Business at a Glance as of 12/31/22
- Plan assets under advisement: $1.1 billion
- Median plan size (in assets): $6 million
- Plans under administration: 198
- Total participants served: 17,000
PLANADVISER: How is your team/process/structure unique? How has it evolved? Where will you be in five years?
Cochrane: Locally we are a small team of seven employees, with five advisers, one support staff and one educational consultant. We are also part of a Mid-Atlantic team of top advisers at HUB, as well as part of a global organization. Each adviser has a book of business, but Kim Cochrane also serves in an organizational management position in which she is responsible for relationship management and business improvements. We are, collectively, a diverse practice, and we collaborate with other members in the Mid-Atlantic team to embrace each of our specialties to serve our clients. We have grown from a single adviser who was brought into the retirement business as an offshoot of a large group benefits practice into a practice that focuses on clients of all size, but with a hyper-focus on nonprofit organizations. In five years, exponential growth is expected. HUB International has multiple lines of business, with more than 2 million clients as of December 2021. This opportunity and encouragement for cross-selling is a focus of the company.
PLANADVISER: As a retirement plan adviser, what do you take the most pride in?
Cochrane: The greatest pride comes from working with employees and being able to provide solutions tailored to where they are, not where we think they should be. When you can have a conversation and the employee relays how great it was that they were able to talk to you and that you truly helped them, that is a gift. We work with many employees who may be lower-paid but who need to have a plan to accumulate wealth for their future. These employees often tell us they want to build generational wealth in their family that has never existed before. We want to be the driving force behind helping them reach their goals.
PLANADVISER: How do you grow your business? What changes to your practice or service model are you planning for 2023 or 2024?
Cochrane: We participate in many local associations and networking groups, where we are able to form strong alliances. In addition, as part of a business insurance and group benefits practice, we are often referred into existing clients. This is especially true when it comes to start-up nonprofit groups. Kim Cochrane and Eduardo Gimenez are adjunct professors for The Plan Sponsor University and hold sessions twice a year for plan sponsors. For 2023 and 2024, we expect to participate more by sitting on association boards and by being more active in our community.
PLANADVISER: What challenges do you think the retirement plan industry faces and what role do you have in addressing and confronting those challenges?

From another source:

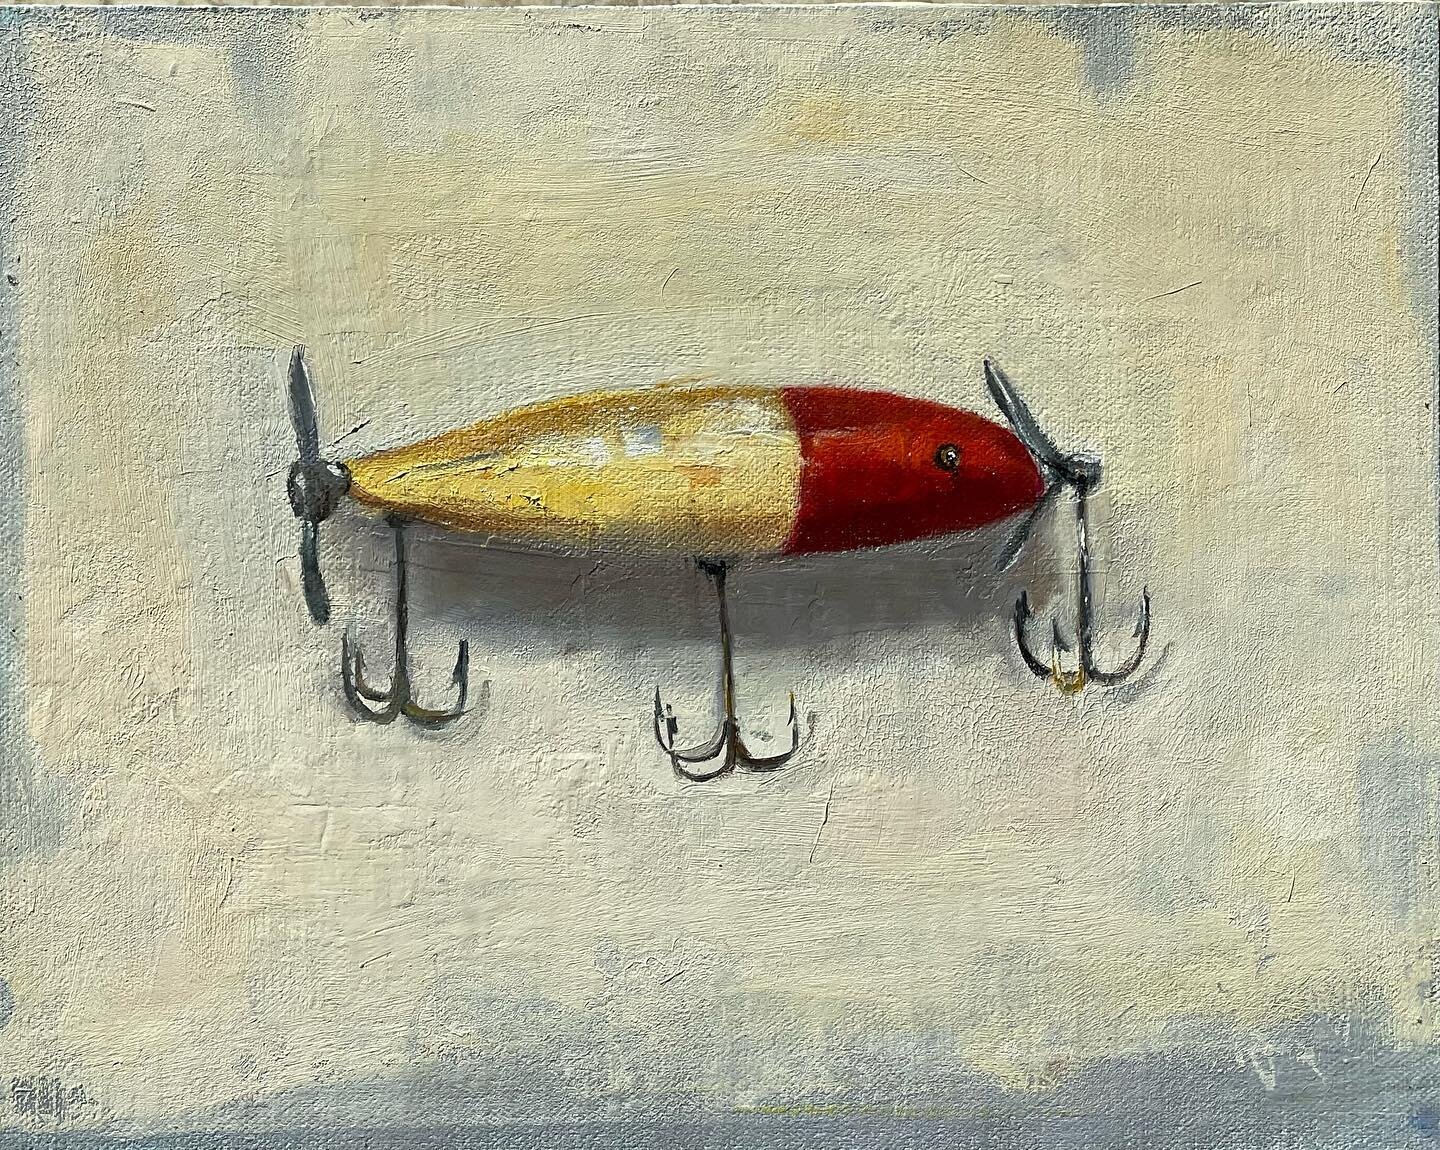 It&rsquo;s been an entire year or maybe even more that this little vintage &lsquo;minnow&rsquo;fishing lure has been kicking around the  studio. When I&rsquo;m stuck I&rsquo;ll fool around with a discarded painting. Circling the wagons. Reworking, re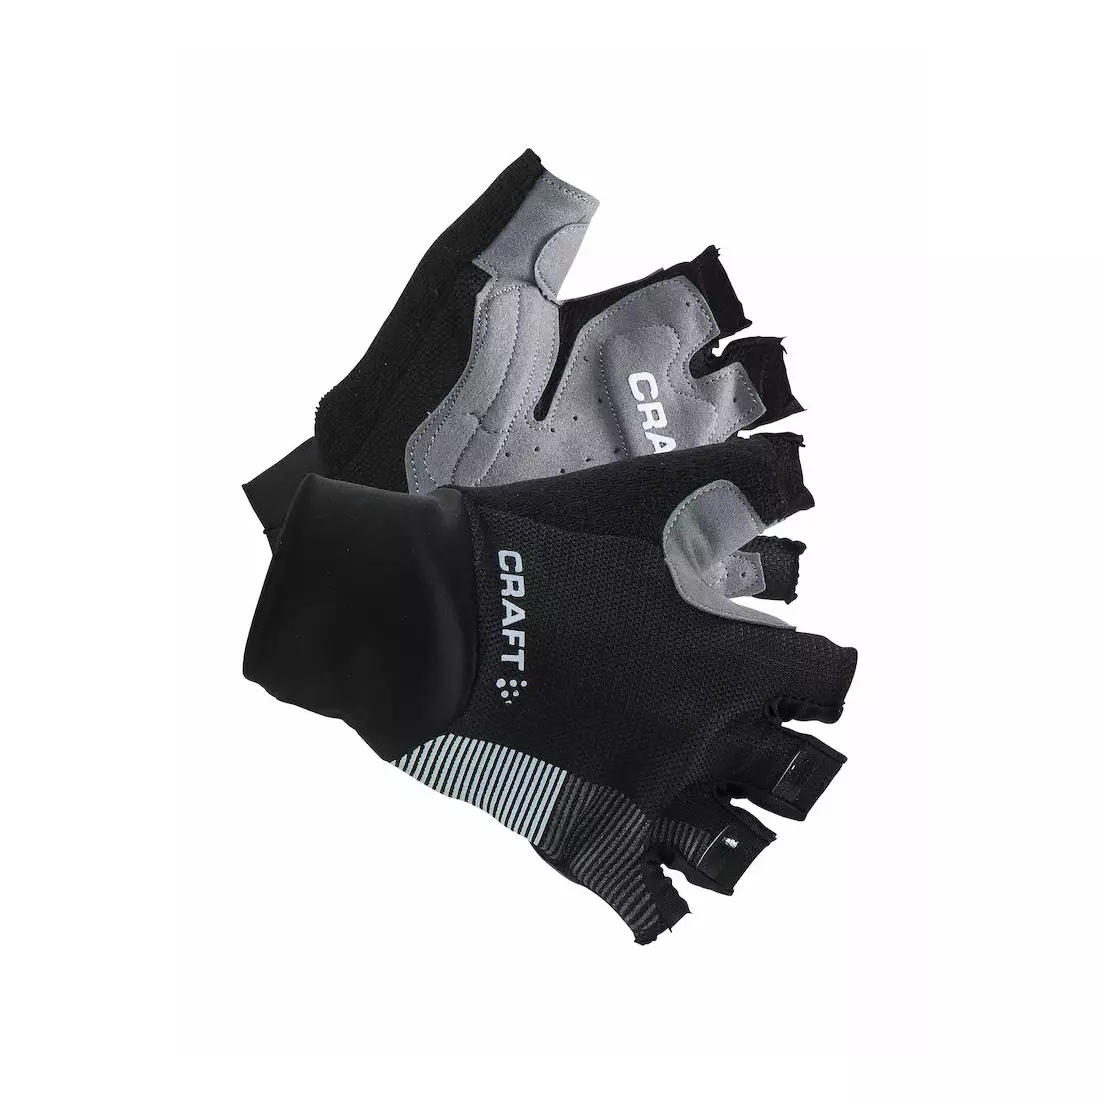 CRAFT GLOVE cycling gloves 1904123-9926

Cochrane: The retirement plan industry gets more and more complex every year with the regulatory changes. In addition, the consolidation of recordkeepers is concerning. Recordkeepers used to have very qualified employees who could answer clients’ complex questions, but we have found that those employees are no longer employed there. The consultation and educational side of the business has now shifted to the advisers. With fee compression hitting all sides of the business, we have to rely on tech and seamless solutions to be able to provide a higher level of service for the same or lower fees.
We implemented many of the tech options made available during the COVID-19 pandemic, including one-on one sessions with employees and plan sponsors using Teams or Zoom that could be arranged via a calendar link. This frees up our time with scheduling issues and allows us to reach not only the employee, but also their family, since many employees are still working from home.
Utilizing managed accounts, when appropriate, and 3(38) lineups has streamlined our workload so we can grow without a loss to service.
PLANADVISER: Why do you feel that retirement plan advisers should get involved in the expansion of the DC retirement plan system to cover more types of employers and employees?
Cochrane: There is a need for all employees and employers to have access to a retirement plan that is easy to administer and competitively priced. As for the breadth of the problem, those without access to a workplace plan stand at 46% of private sector workers, or 57.3 million of an estimated total of 124.6 private sector employees, according to Georgetown University’s Center for Retirement Initiatives study. The study also noted that this gap is “inequitably distributed,” with greater gaps found in the small business sector and among workers with lower incomes, younger workers, members of a minority group and women. We have to do better as an industry.
This is also an opportunity for advisers to find a solution to work with these new and smaller employers, since there is huge potential as well. By providing a retirement plan to small employers, advisers can build tremendous revenue.
PLANADVISER: What are the biggest challenges preventing the broader delivery of tax-advantaged retirement savings opportunities in the workplace, and how might these be solved?
Cochrane: Cost is the biggest challenge for employers to start a retirement plan. In addition, they may not have staff equipped to handle the administration or have knowledge of what is needed to maintain the plan. The tax credits will surely help, as well as the relaxation of testing for starter 401(k)s. By providing 3(16) solutions, we can work toward reducing the workload for these clients, as well as offering fiduciary 3(38) services to reduce the investment risk to the clients.
The latest Secure 2.0 Act left out nonprofit employers from the tax credits, as they do not pay federal taxes. This needs to change! We have spoken to our senators and representatives, as well as industry people, like Brian Graff, to address this oversight. My hopes are that a solution is found to be able to offer payroll tax offset to make it equitable.